Sam Altman says the Singularity is Here, and it's Disappointingly Boring

Sam Altman says the Singularity is Here, and it's Disappointingly Boring

Sam Altman just published an essay on his personal blog where he declared that we're past the event horizon—the takeoff has started. But unlike the dramatic sci-fi scenarios we've imagined, the singularity is arriving gently, almost imperceptibly, as AI systems become smarter than humans in many ways while most of us still go about our daily lives largely unchanged. This paradox—revolutionary technology meeting evolutionary adoption—might be the most important story of our time.

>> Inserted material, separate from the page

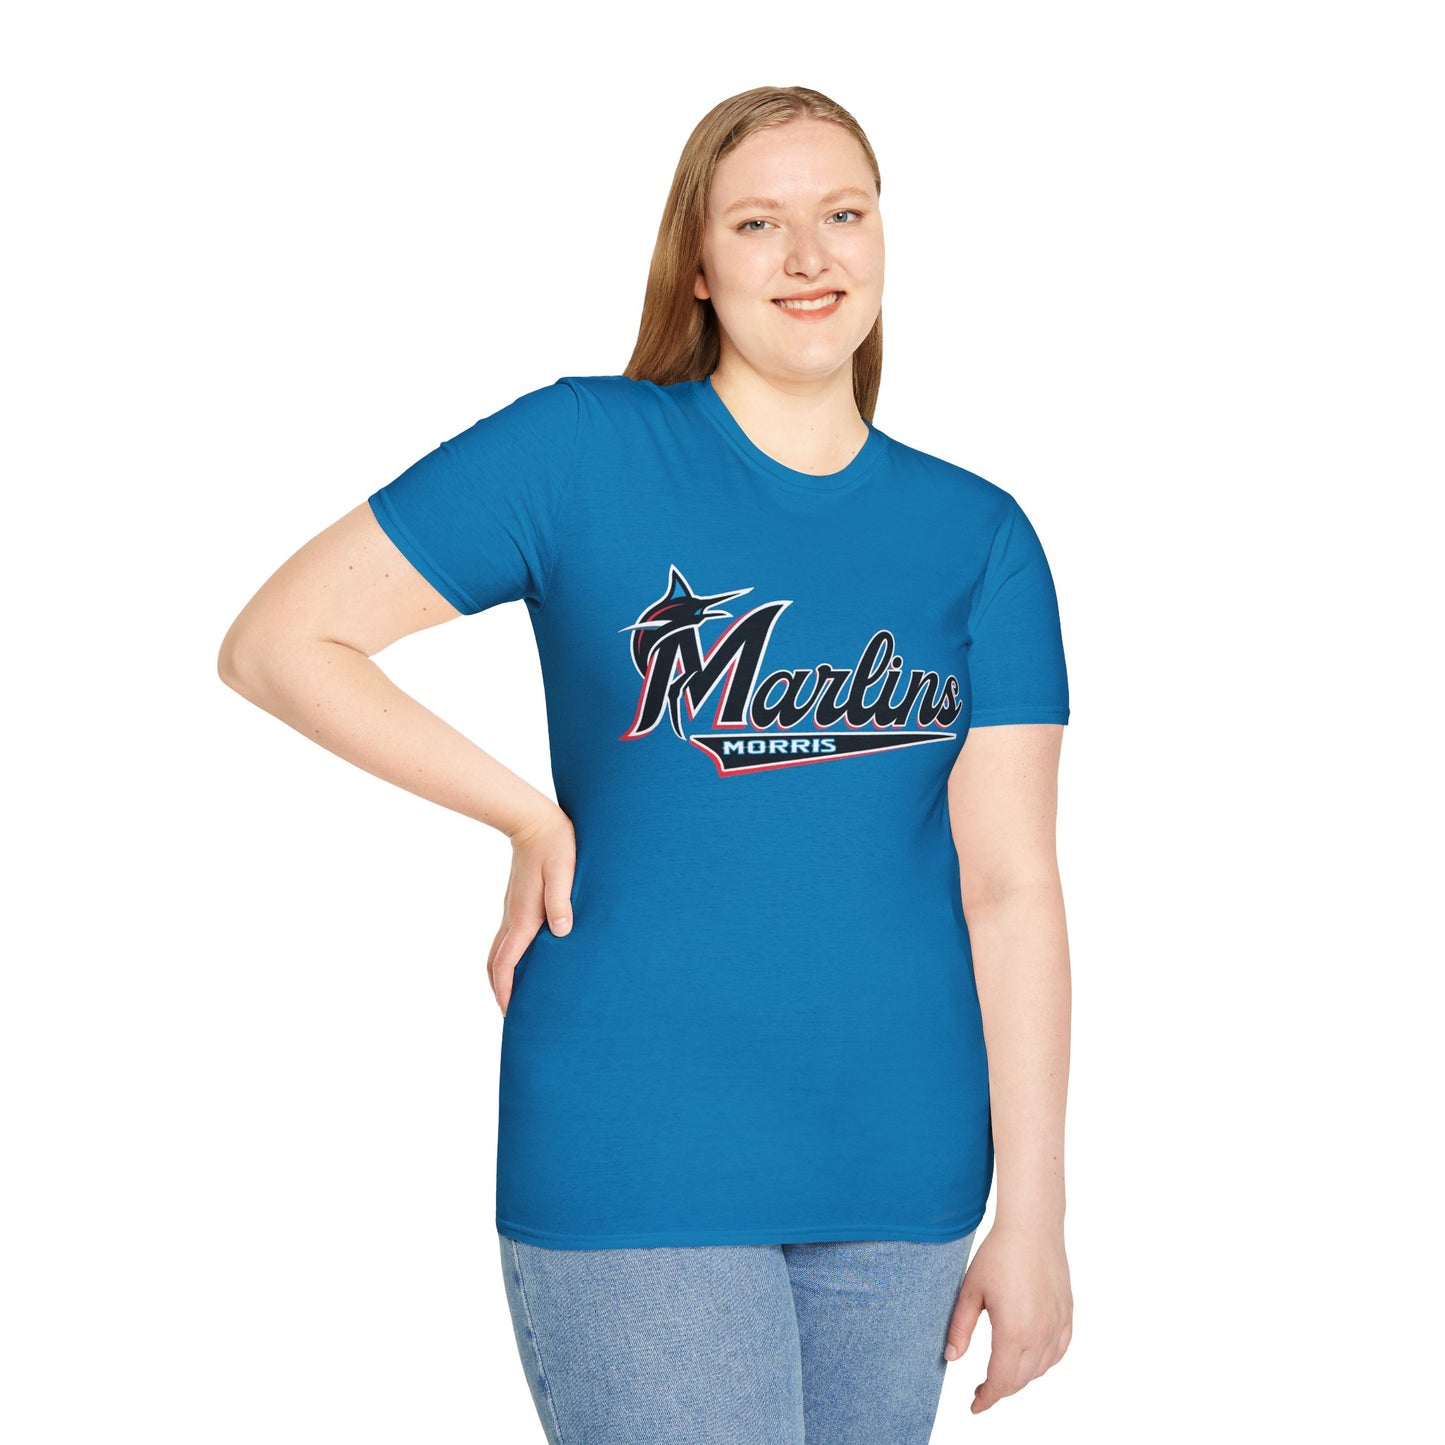 Morris Marlins Softstyle T-Shirt

There's something almost anticlimactic about Sam's essay. Here's the CEO of OpenAI, the company that sparked the current AI revolution, casually mentioning that we've passed the event horizon of the singularity. No fanfare. No dramatic warnings. Just a matter-of-fact observation in the opening sentence.

We are past the event horizon; the takeoff has started. Humanity is close to building digital superintelligence, and at least so far it’s much less weird than it seems like it should be.

Robots are not yet walking the streets, nor are most of us talking to AI all day. People still die of disease, we still can’t easily go to space, and there is a lot about the universe we don’t understand.

And yet, we have recently built systems that are smarter than people in many ways, and are able to significantly amplify the output of people using them. The least-likely part of the work is behind us; the scientific insights that got us to systems like GPT-4 and o3 were hard-won, but will take us very far.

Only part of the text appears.